Тотошин со свистом отпивает крупный глоток виски и тянется за вареной севрюжинкой.

– Закуска у вас отменная, – радостно смеется он, чавкая полным ртом. – Так вот, возвращаясь к теме, хотел сказать, что Борис Николаевич, видимо, решит включить в демократический процесс и красных директоров. Силаев сейчас этим занимается. Уверяю вас, что опасности в этом никакой не будет. Социальная база революции только расширится.

– О’кей, – кивает головой канадка, с ужасом наблюдая, как быстро сметают с ее столов расставленную снедь. – Извините, я покину вас на несколько минут. Мне надо распорядиться на кухне.

– Пора, пора распорядиться, – подмигивая одним глазом Тыковлеву, соглашается Тотошин и, проводив хозяйку взглядом, добавляет: – Тут добрая половина гостей за тем только и пришла, чтобы пожрать на халяву. Особенно эти наши аналитики и политики. Ух, голодные! Сейчас все сметут и на следующий прием двинут... Глядите-ка, никак господин Харт сюда припожаловал. Вы его знаете? – оживился он.

– Не знаю. Кто это? – нехотя поинтересовался Тыковлев.
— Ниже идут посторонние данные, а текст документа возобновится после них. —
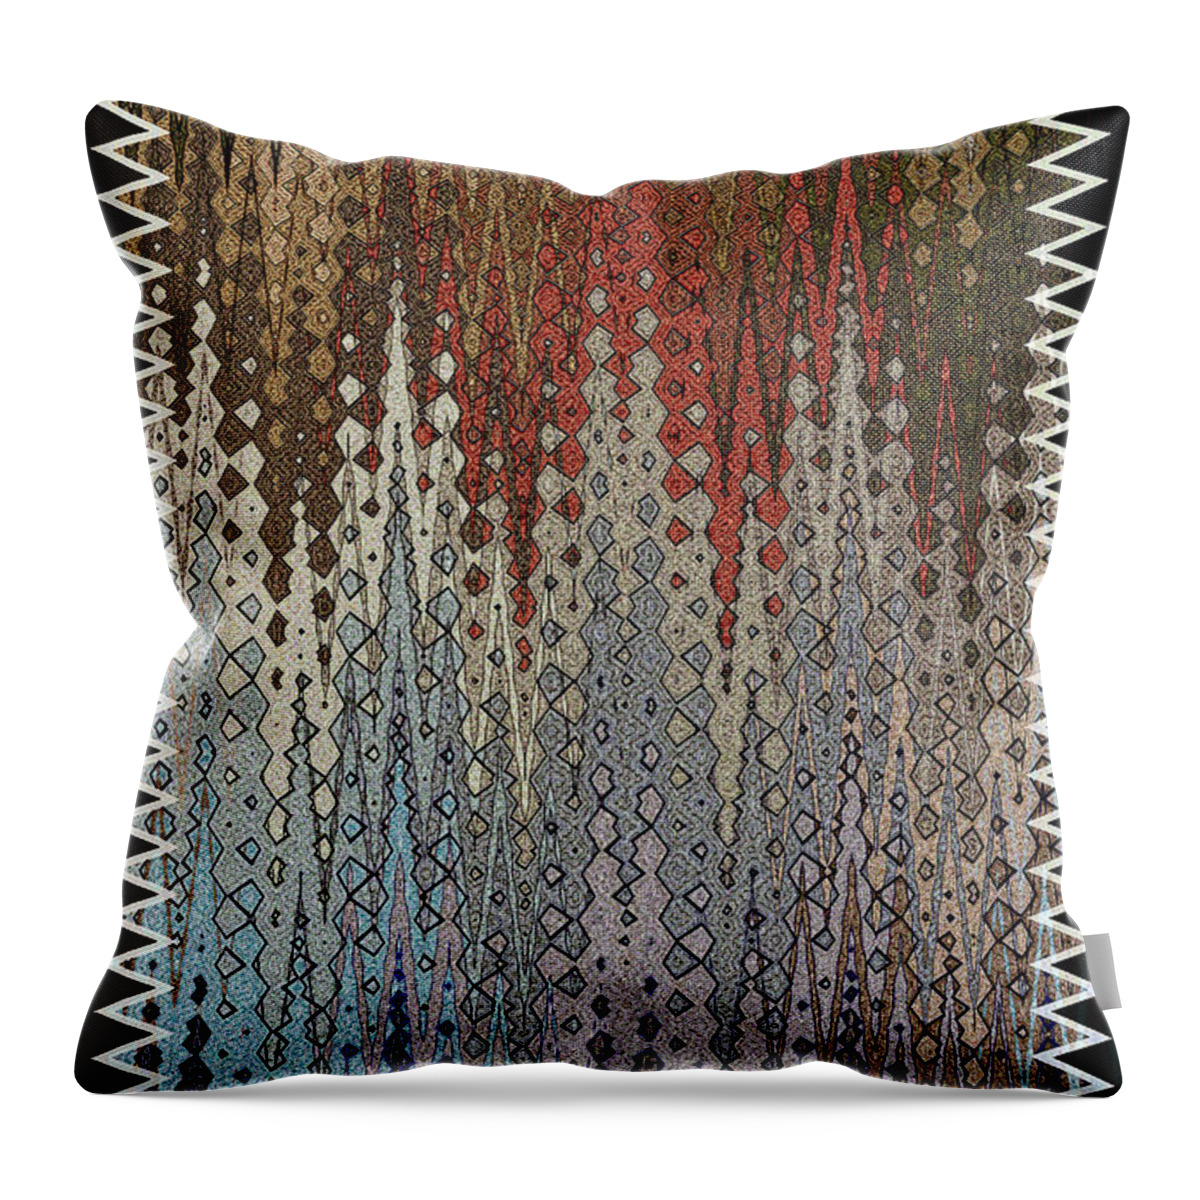 Abstract Floor Pamel Abstract Throw Pillow featuring the digital art Abstract Floor Pamel Abstract by Tom Janca

– Западный немец. Он у них бывший директор или президент какой-то федеральной службы. То ли по статистике, то ли по патентам. У них сейчас все отставники на Восток двинули. Кто в бывшую ГДР, кто к нам. Советниками при нашем президенте или, на худой конец, при министрах просятся. Ну и этот тоже надеялся. Все же первый немец такого калибра. Походил, походил по коридорам. Американцы его заметили и к себе в посольство вызвали. Зачем, мол, прибыли, чего затеваете? Он им, значит, стал объяснять. Но американцы – ребята крутые. Послушали и говорят: “Проваливай отсюда, и поскорее. Советовать тут будем мы. Знаем, чего советовать и куда пароход направлять. Без сопливых немцев обойдемся. Россией мы руководить будем, а не канцлер Коль”. Ну, Харт, естественно, перепугался. Простите, говорит, извините. Вы меня неправильно поняли. Я на Россию не претендую. Мол, вполне достаточно будет и одной какой-нибудь области. Калужской или Владимирской, или еще какой. На том и поладили. Отпустили немца с миром. Он сейчас во Владимире сидит и что-то там советует. Своих людишек заодно к владимирским заводам пристраивает. В Москву редко наведывается. Зато как приедет, обязательно что-нибудь интересное скажет. Американцам он обиду запомнил. Пойдем, послушаем.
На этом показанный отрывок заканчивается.